Spengler is also the one in the film who takes up the baton for the intellectualising of the WDR and its people, by reading aloud from textbooks (Godard style) mid film, a ridiculous counterpart to his maltreatment of the insects.

The houseflies are one of the great internal logics of Satansbraten – because although people are disgusted by them at first, when Spengler’s character hands them over as erotic gifts, and they are told what an honour it is, they are generally pleased. Everything is on its head, where it can be. “Enjoy your food, I didn’t spit in it,” says Luise to Lana; and in this fashion the grossest of negatives are made somehow positive by their absence. Much to Luise’s amusement Ernst tries to rape Lana the prostitute – how could he but not in that house? But it when it comes to his subsequent beating he loves it more and more – well, any sexual attention counts.

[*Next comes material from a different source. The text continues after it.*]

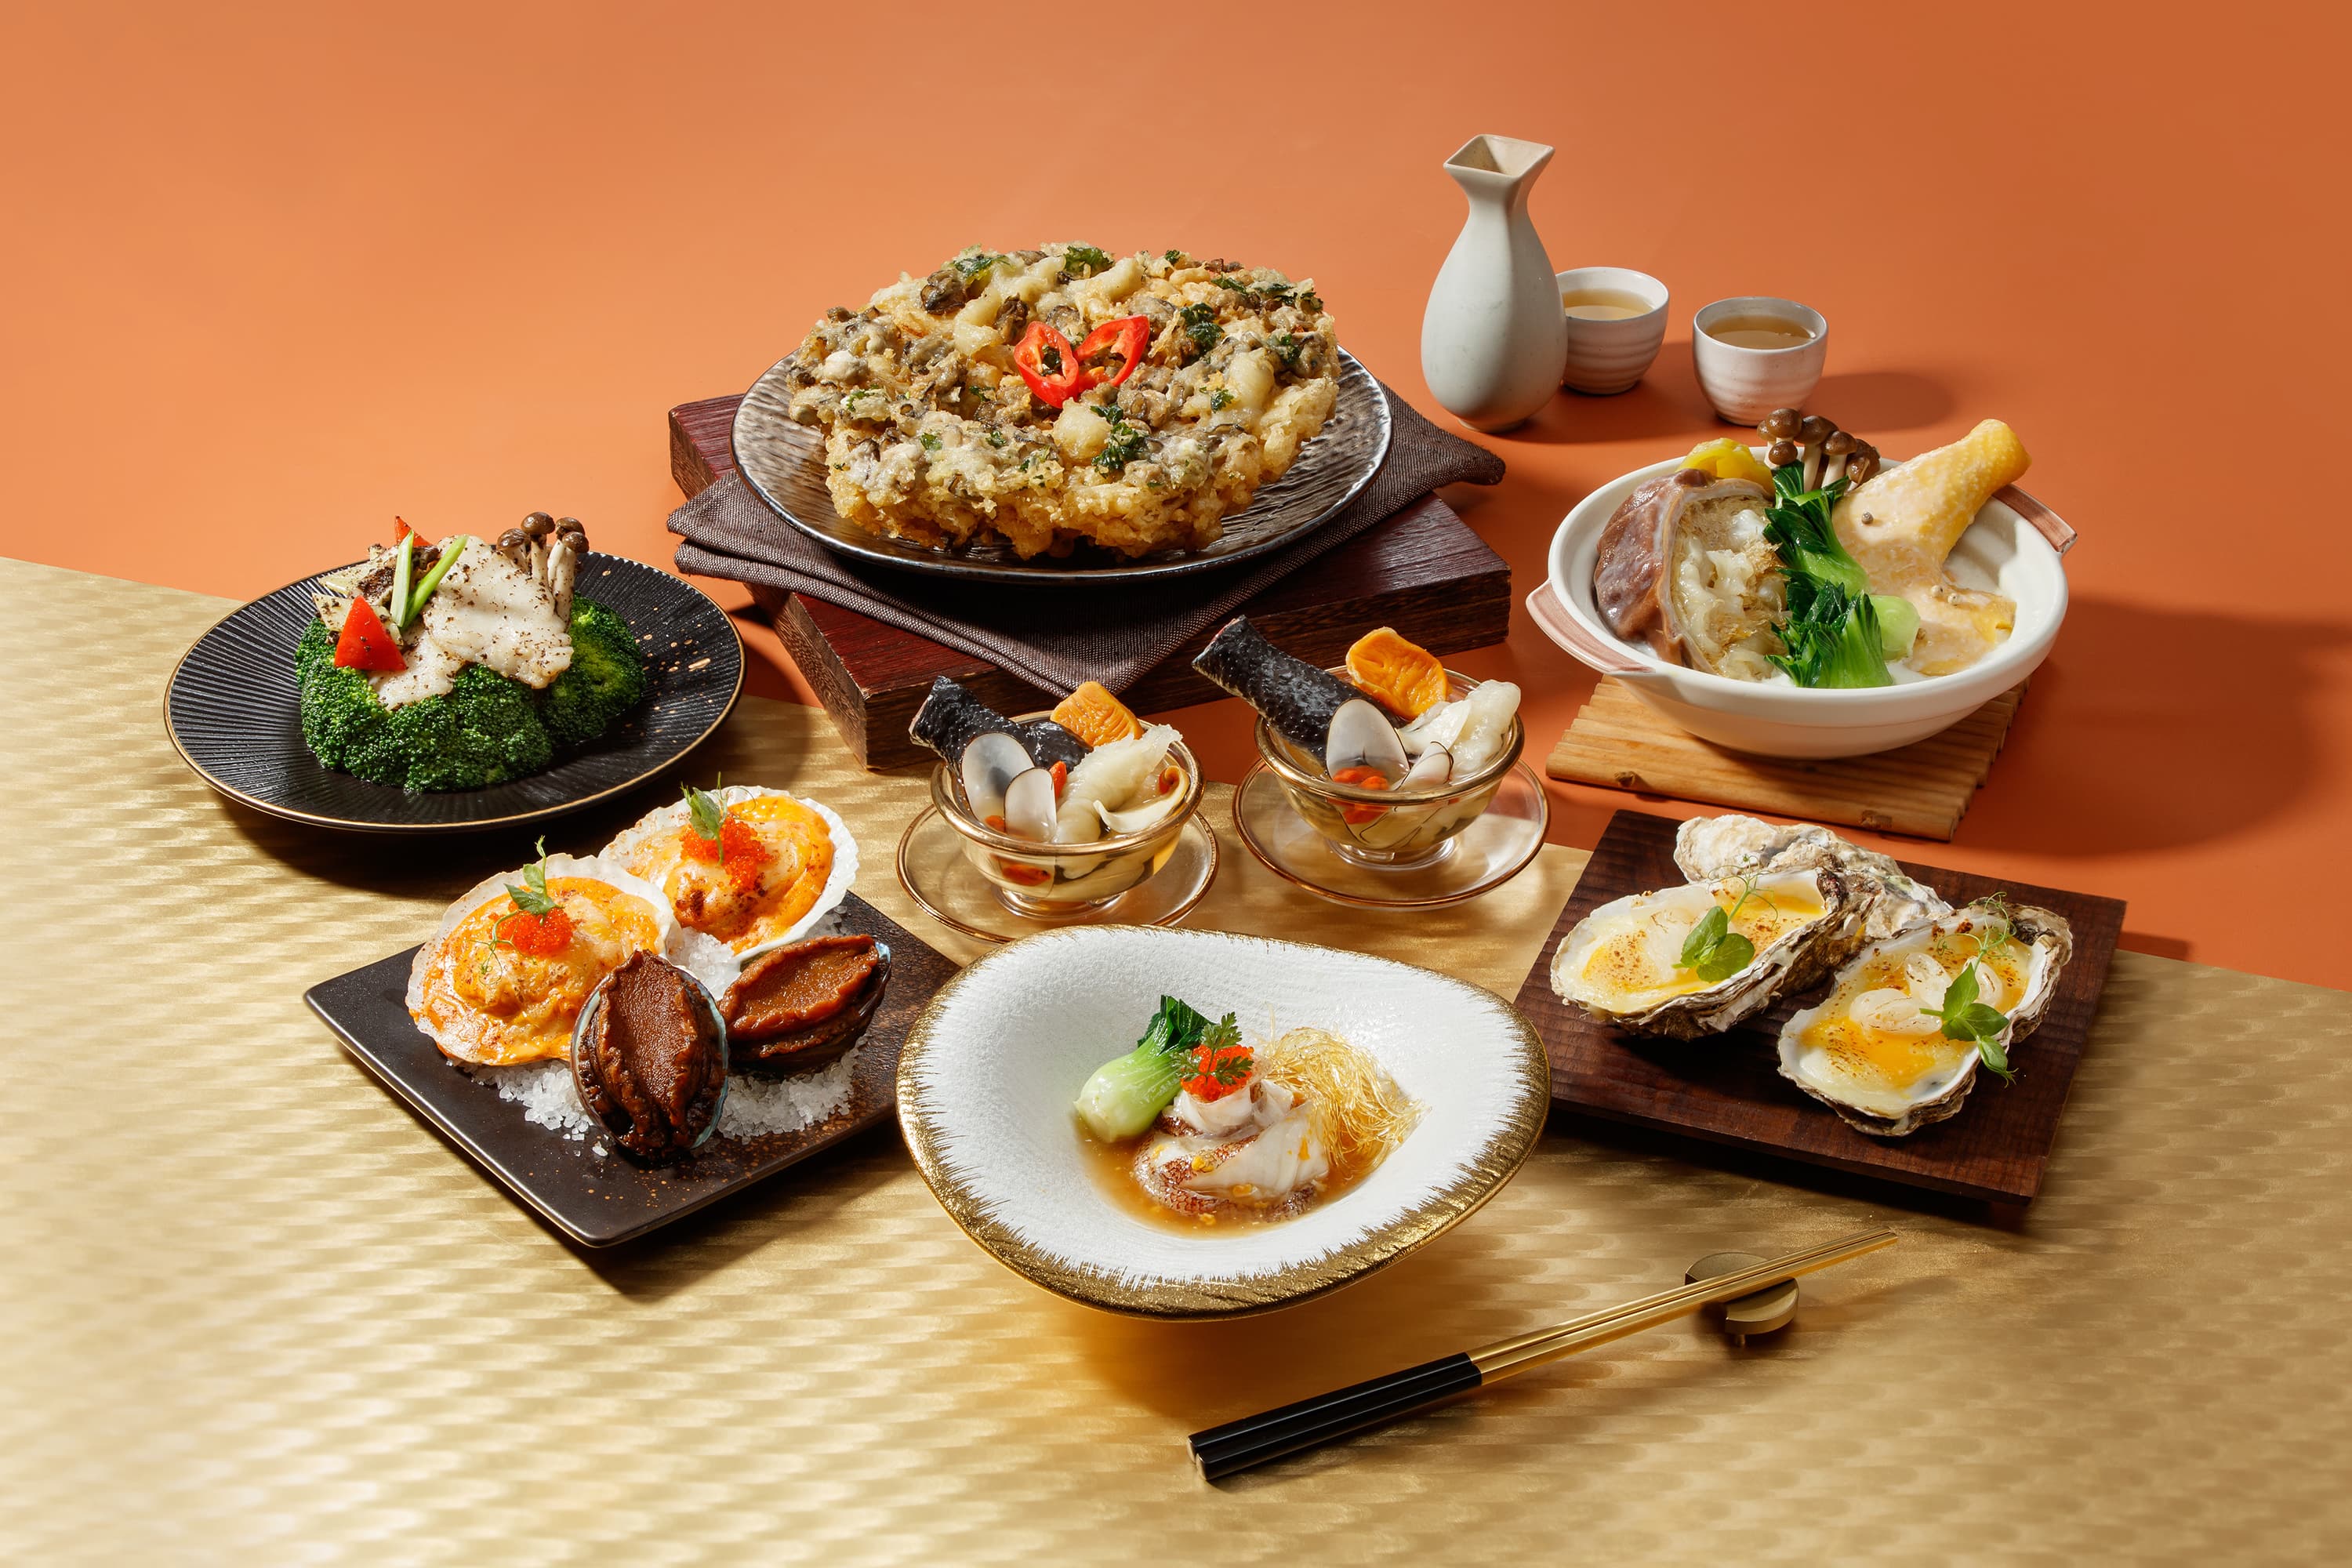 Enrapturing by Fish Maw Seafood Dinner Buffet at Park Hotel Hong Kong
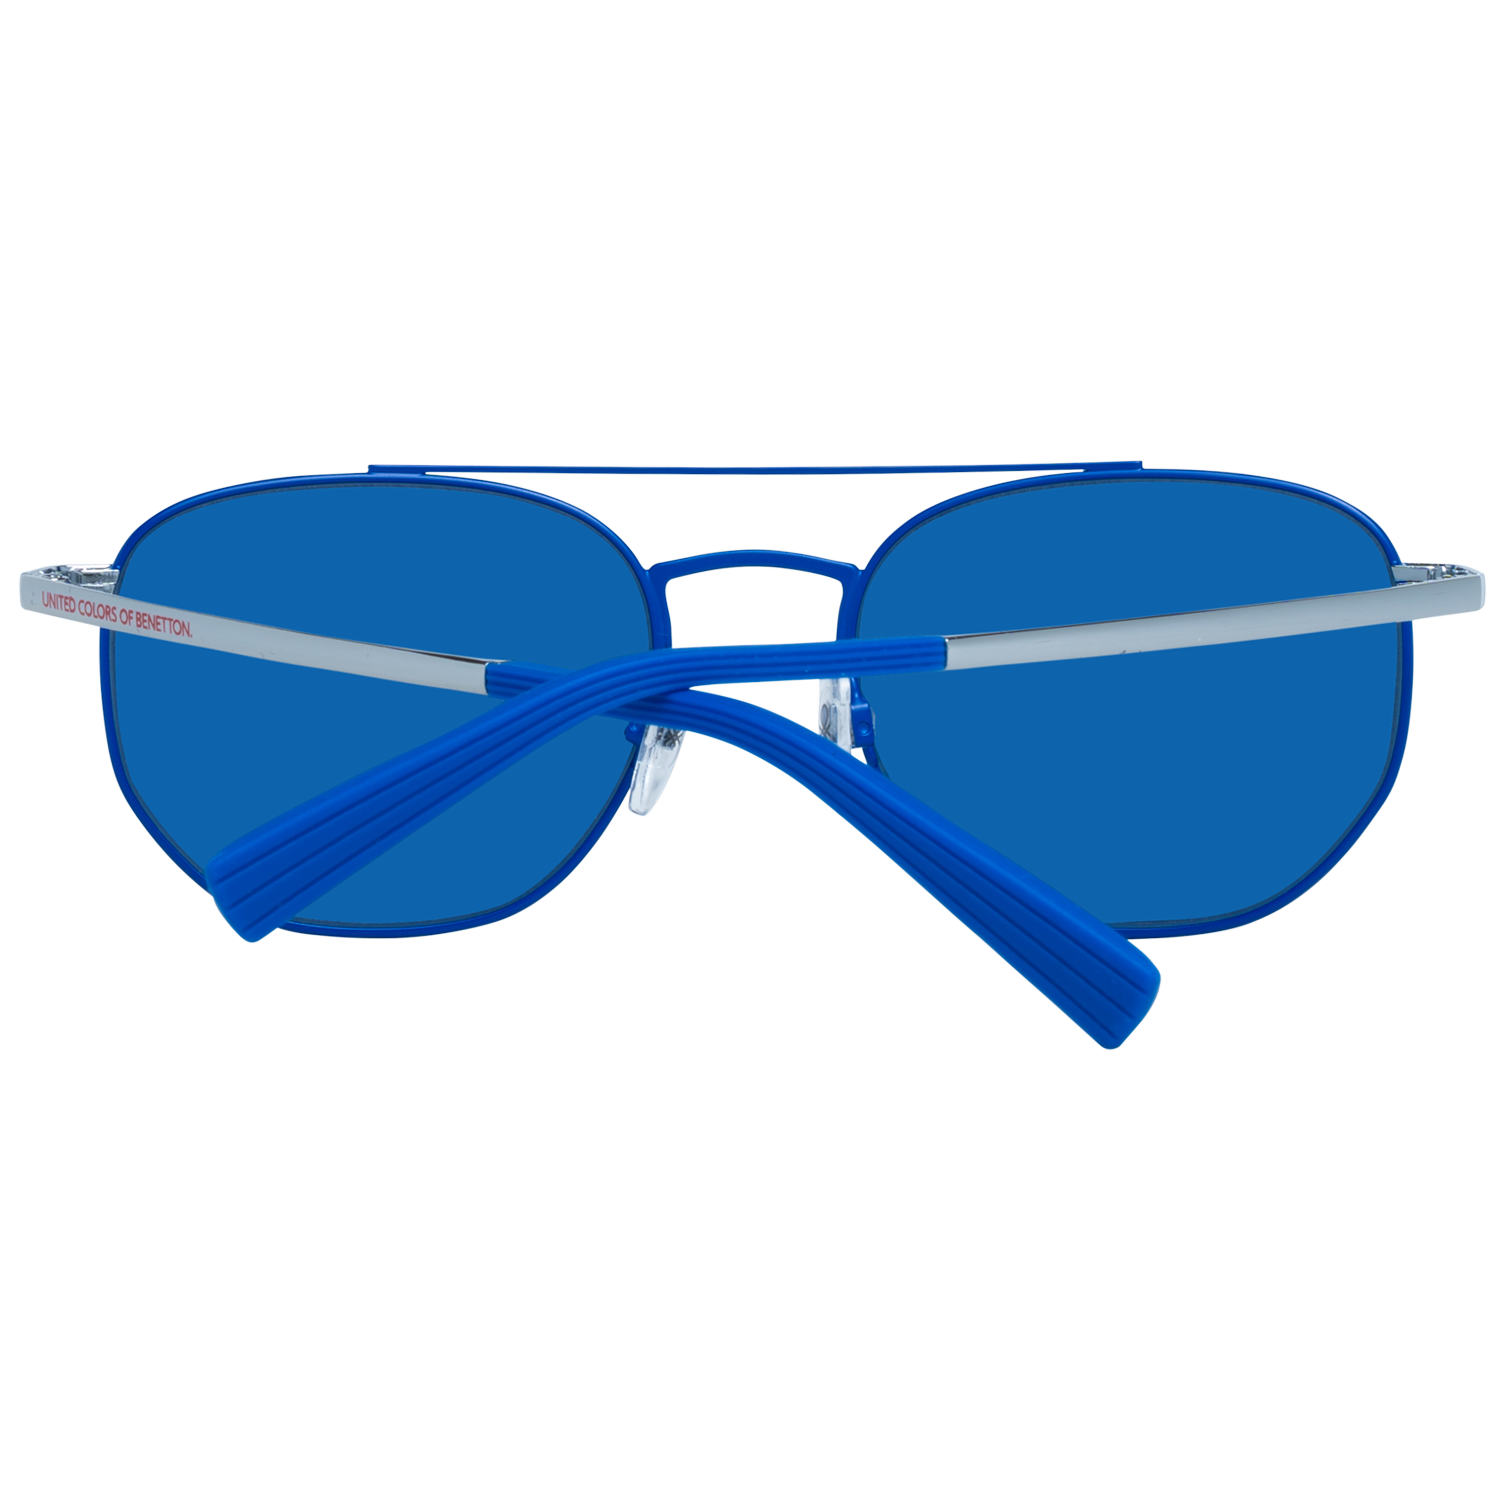 Benetton Sunglasses Benetton Sunglasses BE7014 686 54 Eyeglasses Eyewear UK USA Australia

There is a strange clue to Ernst’s fly obsession just after the tailor arrives to work on Kranz’s belle époque style traditionally crafted suit. Ernst has just taken to killing flies at this point and as he stands to attention to announce this new policy in the hall, his mother spits at him the words – Uber Sturm Fuhrer – Storm Troop Leader. Ernst’s madness is not at all innocent, and it is a very good thing that he is never permitted out of his house, because remote to his mania is that German spirit of 1940, when people began to look like flies in the eyes of certain other madmen. When Ernst is on screen the comedy is older than that too, harder; such as when he pops his penis into the hand of Margit Carstensen when they are preparing the Thursday canapés for the Stefan George circle – it’s almost like a humour beyond our time, sophisticated somehow in its baseness.

So the flies? It’s great that Luise is given a dead fly before she herself dies – it’s the movie’s internal logic – and it’s fitting too that Ernst should outwit Kranz, who tries to frame him for the murder which began the film. At the end of the picture the characters each have their own dead fly, signifying something else dark and twisted about the production. The end of the film indeed, reorganises which dead flies are on the stage and which off, which are crushed by a teacup and which are in the pile – all arranged by tweezers. It’s that kind of life.